İnsanlar yaparken dönüşür. Belirgin bir hedef ve hedef doğrultusunda eğitimler,
pratikler gerekir. Karşılaşılabilecek içsel ve dışsal sorunları bilmek ve onlara
verilecek karşılıkları planlamak gerekir.
Proje dikkat ister. Somut bir proje yedi aşamada ilerler. Düşüncenin
ortaya konulması ve ilk toplantılar, hedefin belirlenmesi ilk iki aşamadır.

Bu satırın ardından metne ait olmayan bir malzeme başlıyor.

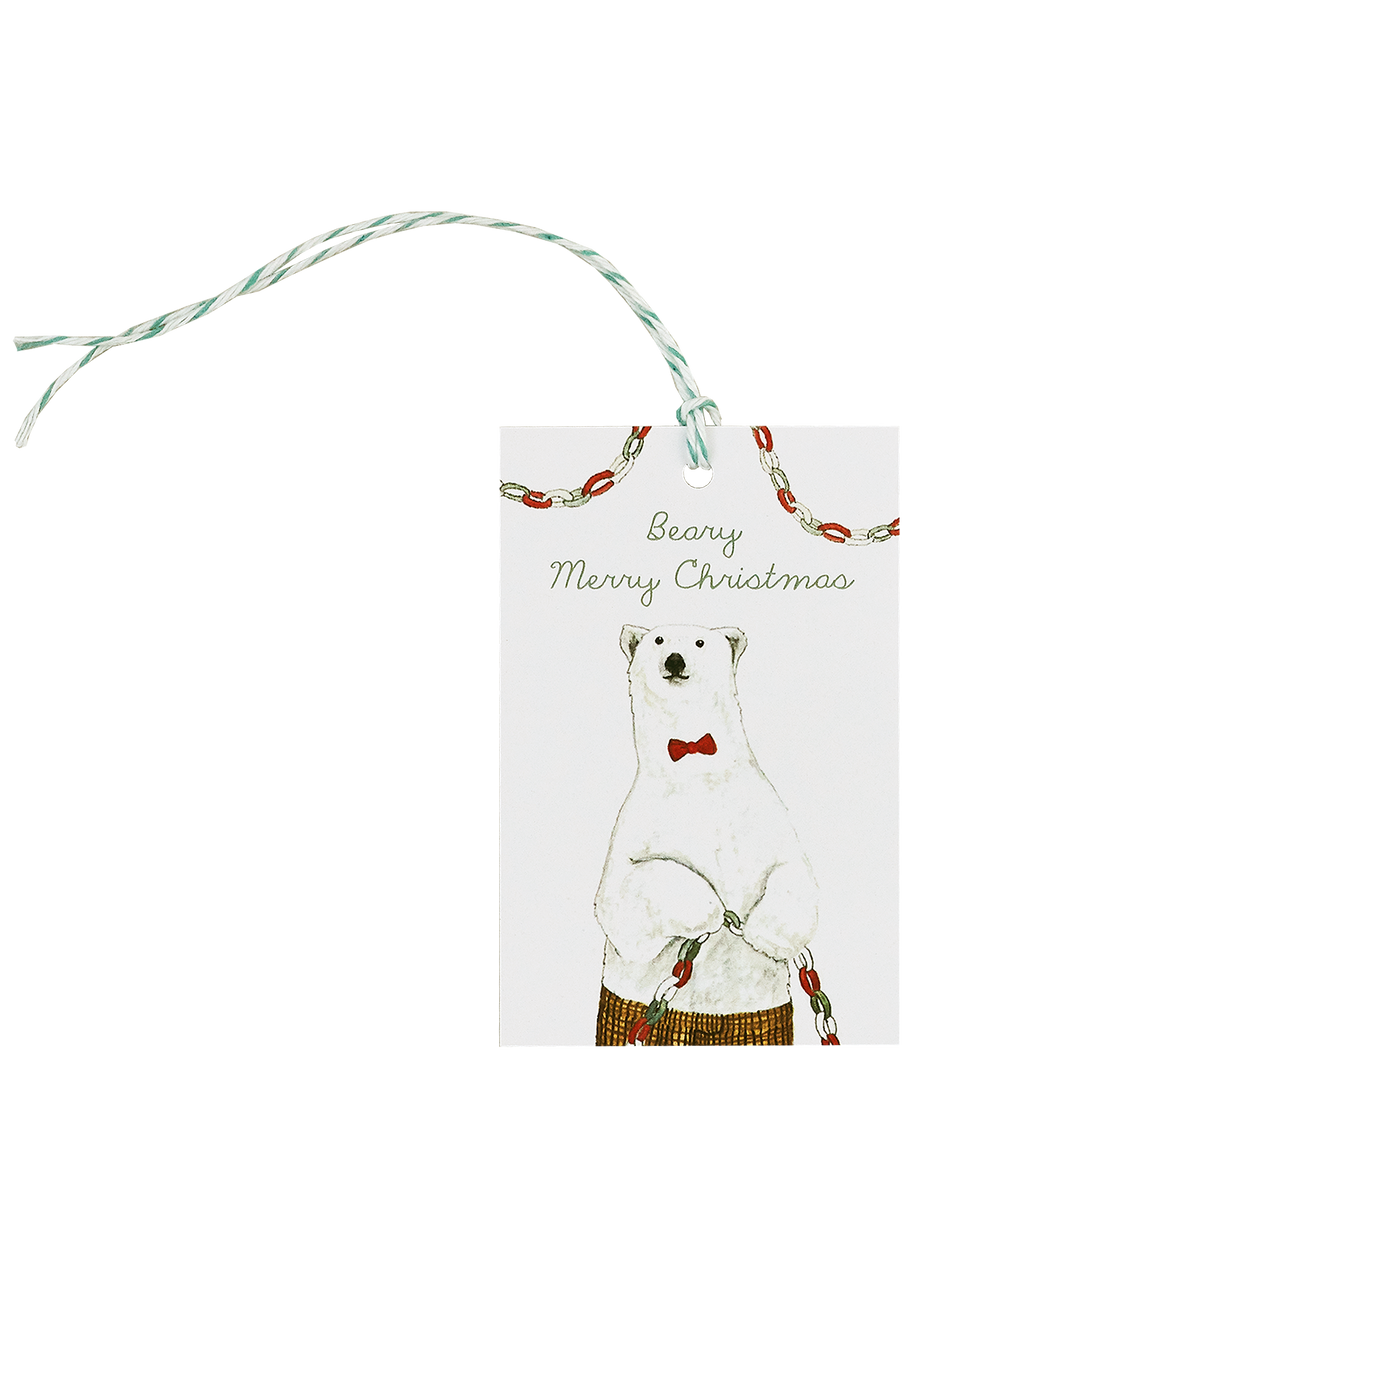 Beary Merry Christmas Tag with striped string

Üçüncü aşama zordur, ilk somut adımlar atılır; mekan alımı, öteki mali
ayrıntılar… Dört, beş ve yine zor olan altıncı aşama ve yedi tam işleyiş. Dördüncü
ve beşinci aşama uygulamalarla sürer. Zor bir aşama, yani altıncı; irade, çaba,
doğru bir müdahale ister. O format atılmadan sonuç ortaya çıkmaz, kalıcılık
yakalanmaz. Her şey yedi ivmeyle gerçekleşir, üçe ve altıya dikkat etmezsek yarım
kalır, tamamlanamaz.
Ben kendi içimde ütopik serüveni, yani eve dönüşü
seçenlerdenim. Mesafeleri içimde aşmaya çalışıyorum. İçsel dünyamda ego
dağlarıma tırmanıyor, onların görkemini sarsıyorum. Böylece çevremde, dış
gerçeklikte dönüşümler, güzellikler yaratmaya çalışıyorum. Güneşli bir Ege
köyünde değil, İstanbul’un kapalı, soğuk sokaklarındayım. Biliyorum ki içimde
başardığım küçük bir dönüşüm, dış dünyada beni çok ilerilere taşıyor. Kendimi
buldukça yaptıklarımı görüyor ve yapabileceklerimi biliyorum. Karanlık
yanlarımı fark edip kendimle yüzleşince her iki dünyada da büyüyorum. Aslında
bütün mesele, bedene çokça takılıp ruhumuzu kibarca dışlıyoruz ya, tam tersini
yapmak: Bedenli bir gündem yerine onu kibarca dışlayıp ama yok saymadan psikolojik bir çalışmaya, ruhumuza yer açmalıyız.